» Information shown
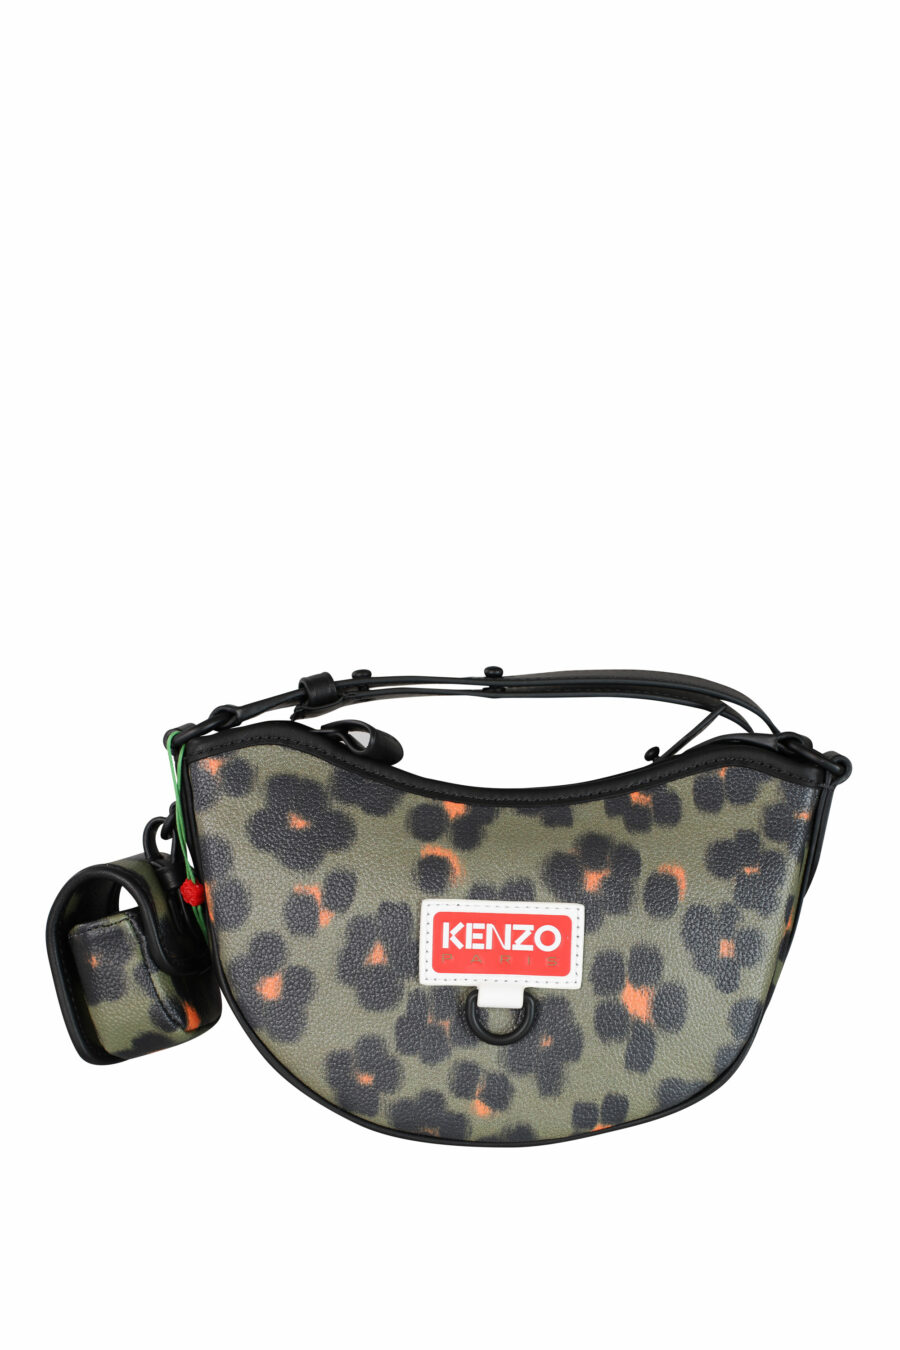 Green and orange leopard print shoulder bag - IMG 3545
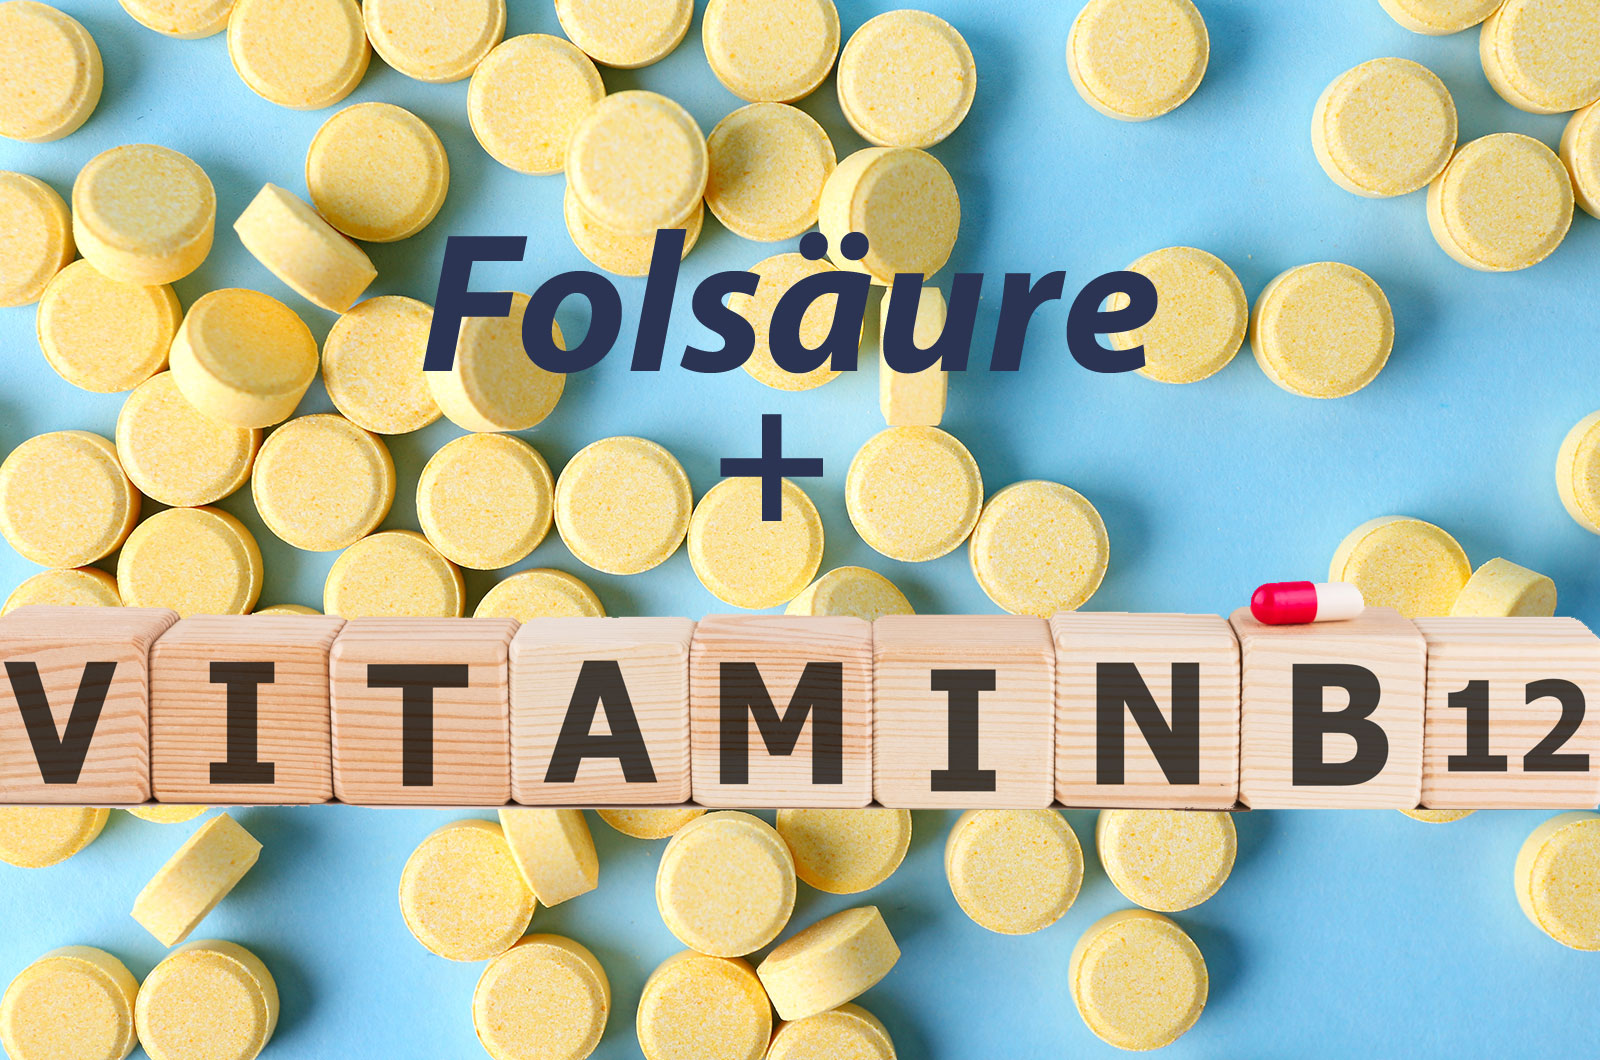 Folsäuretabletten als Nahrungsergänzungsmittel und Schriftzug Vitamin B12, mit Holzbausteinen gesetzt
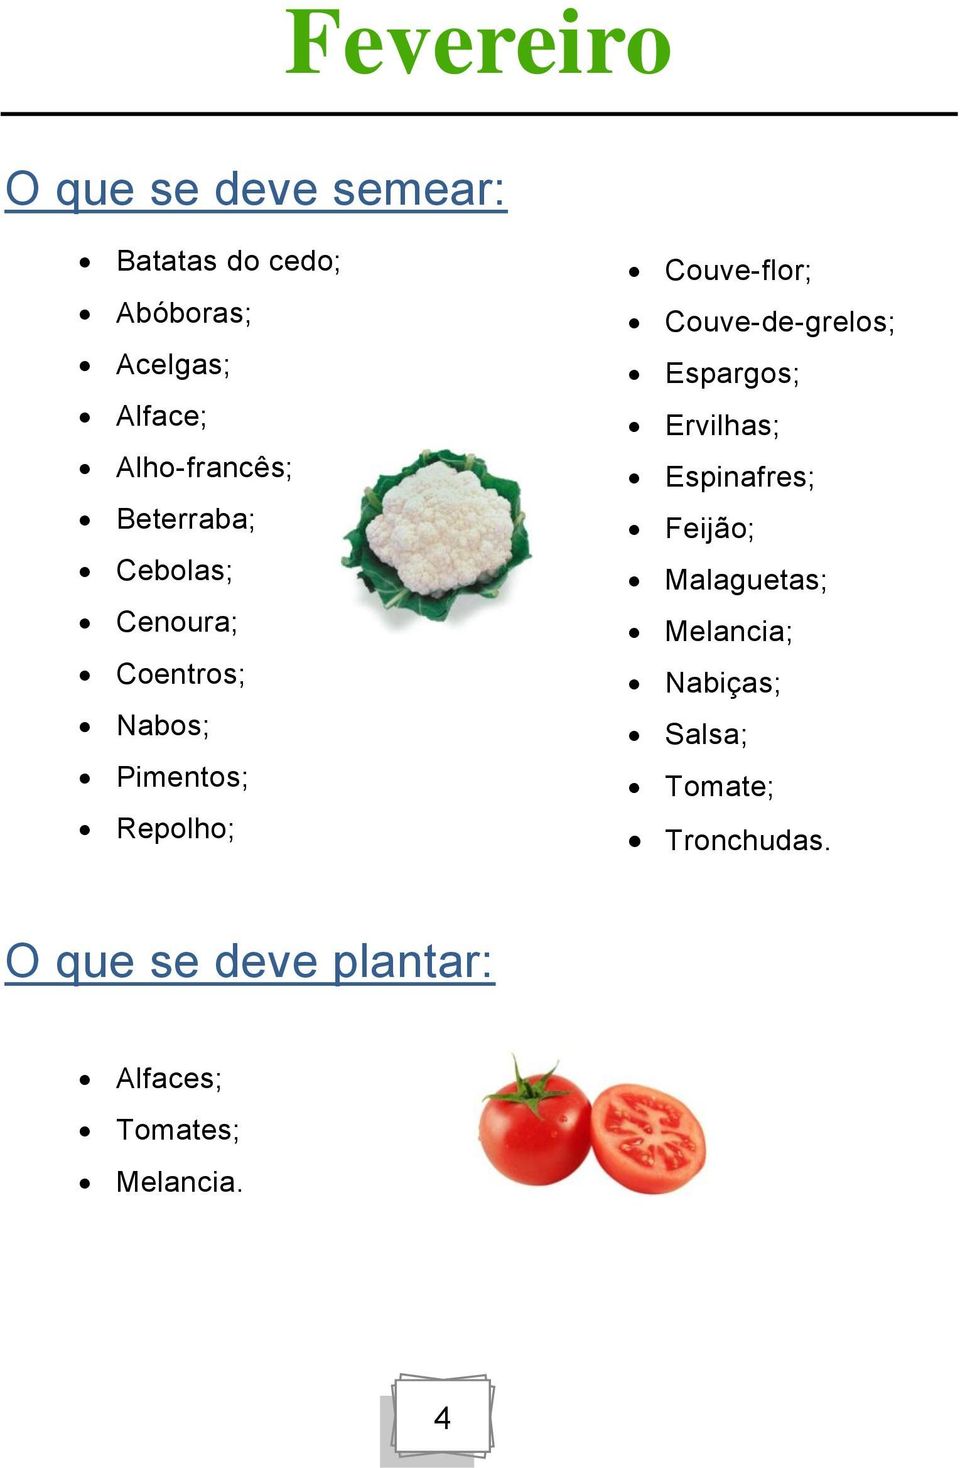 Couve-flor; Couve-de-grelos; Espargos; Ervilhas; Espinafres; Feijão; Malaguetas;
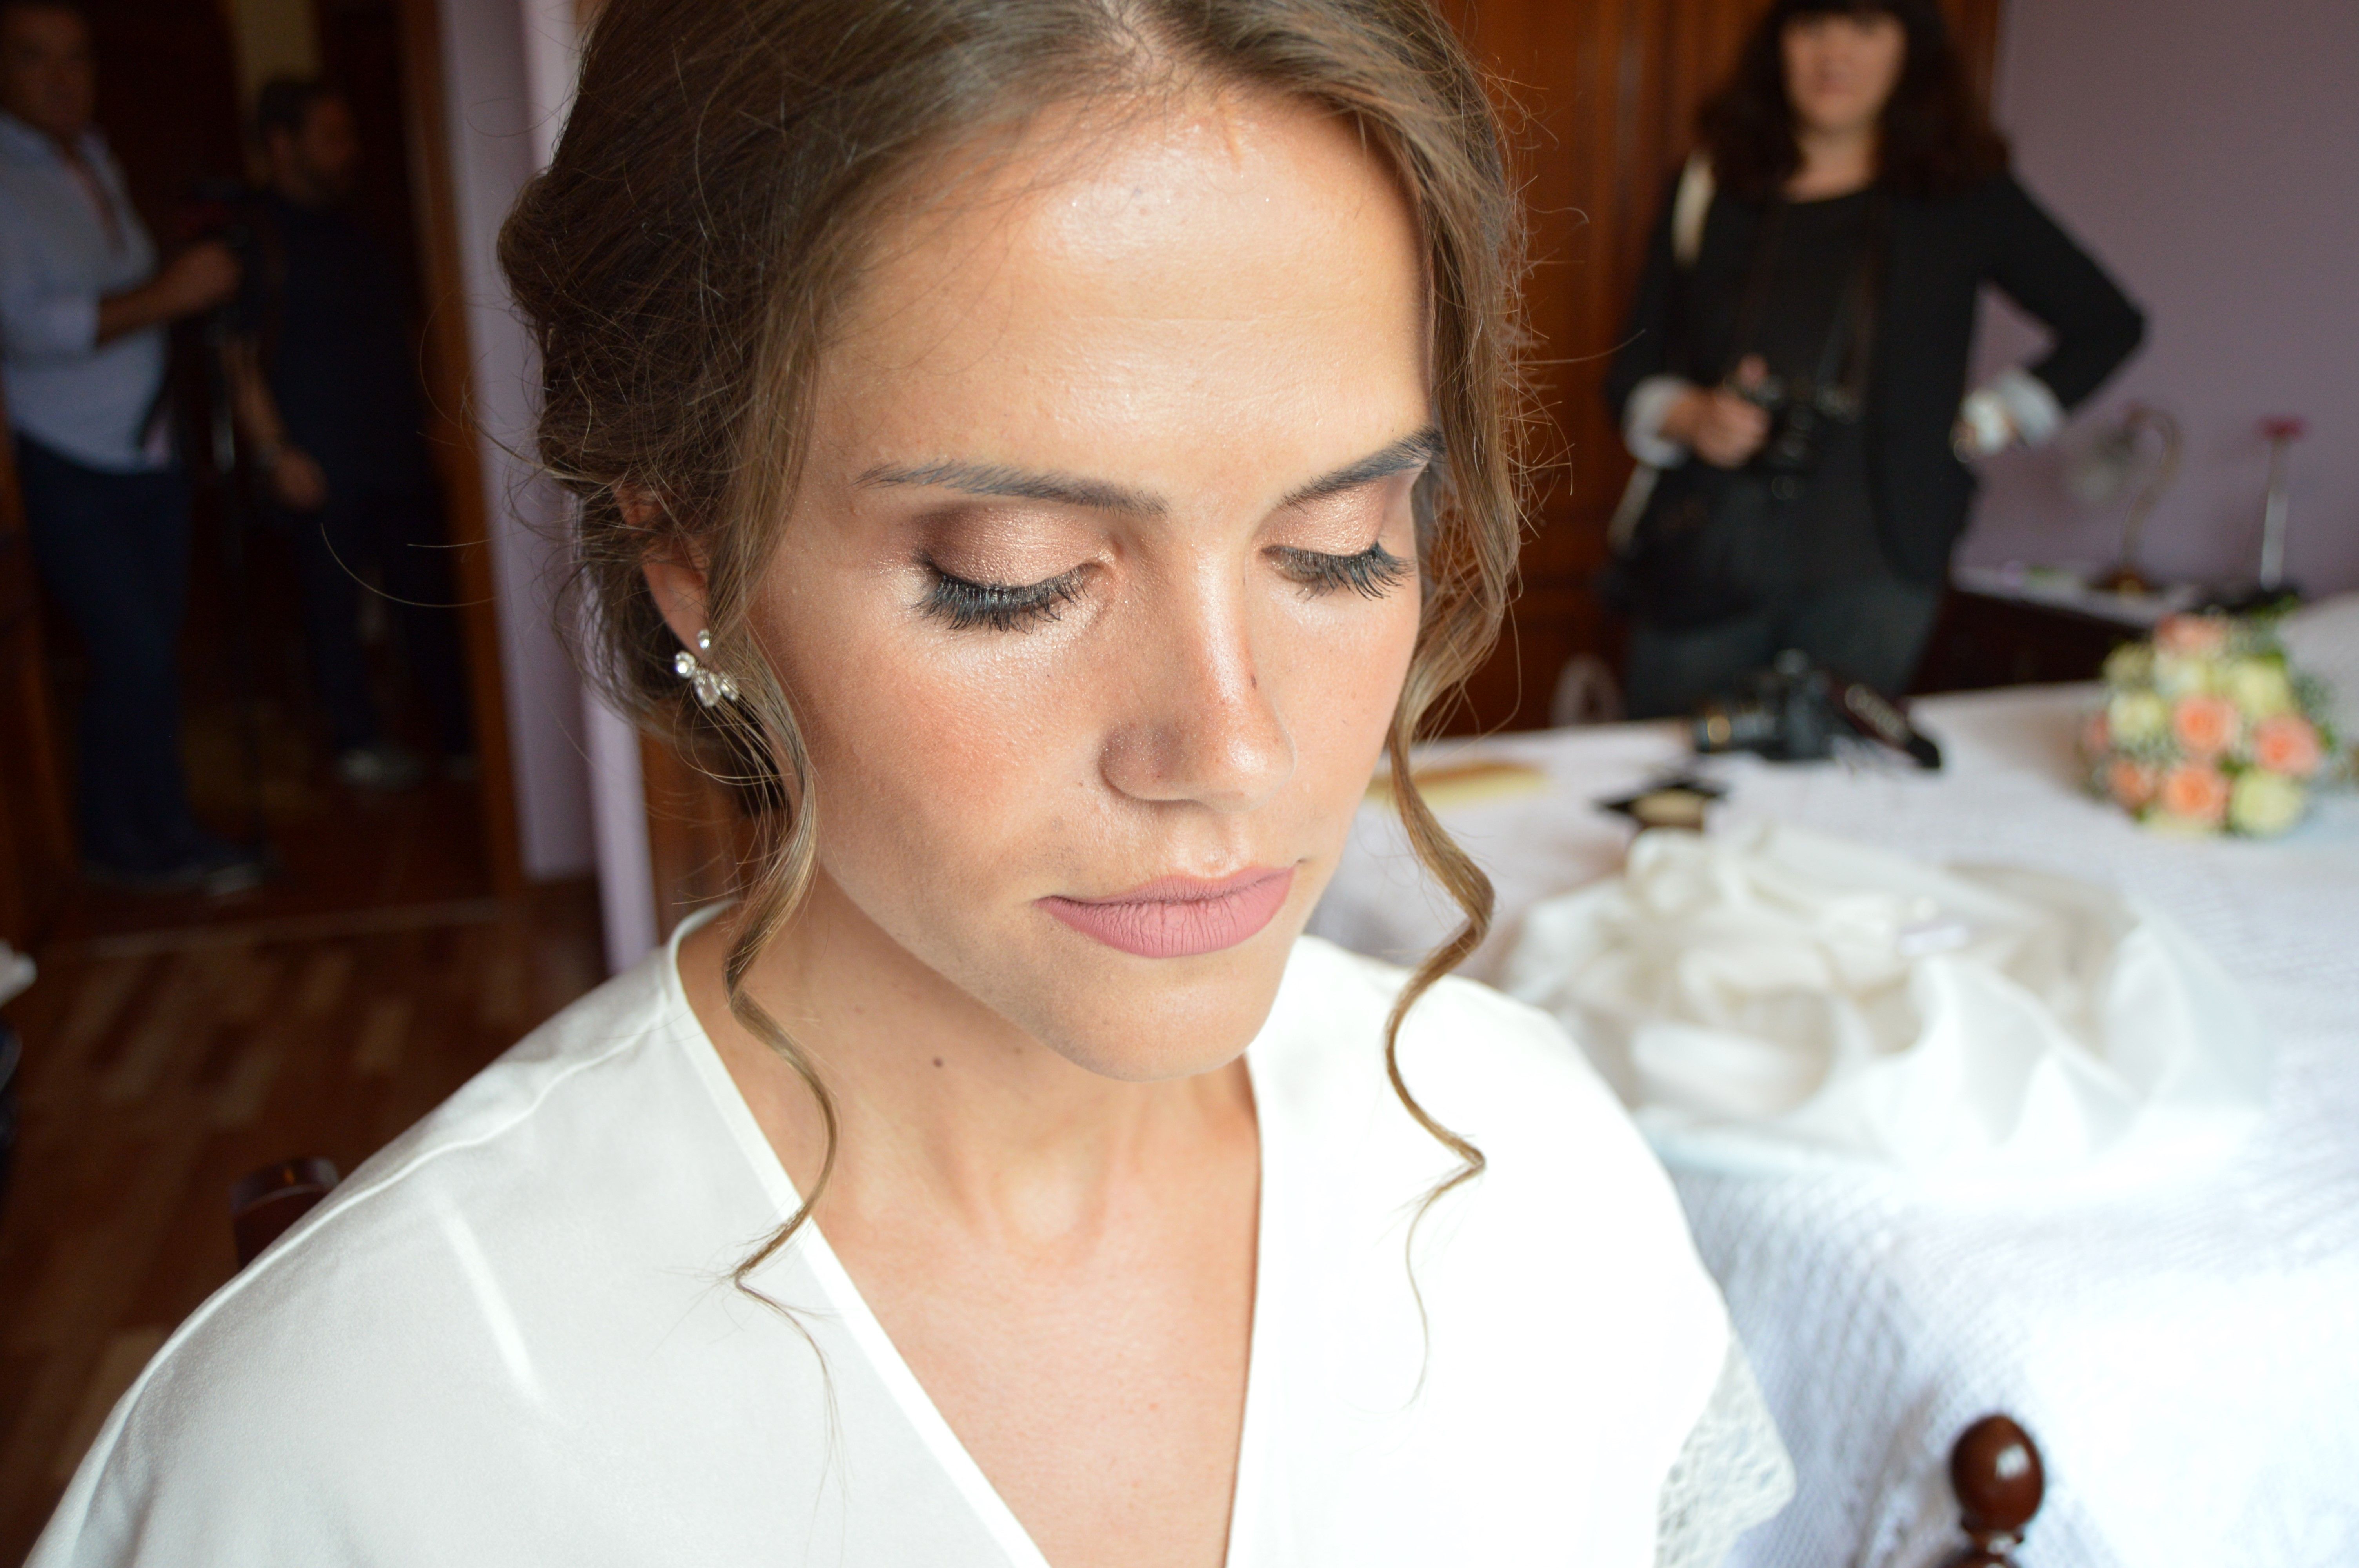 Vânia Coelho – Makeup & Beauty

» Task prompt
Working from the lines above, reproduce the material exactly and exclude its pictures.

» Task solution
 Green and orange leopard print shoulder bag - IMG 3545
 Folsäuretabletten als Nahrungsergänzungsmittel und Schriftzug Vitamin B12, mit Holzbausteinen gesetzt
 Couve-flor; Couve-de-grelos; Espargos; Ervilhas; Espinafres; Feijão; Malaguetas;
 Vânia Coelho – Makeup & Beauty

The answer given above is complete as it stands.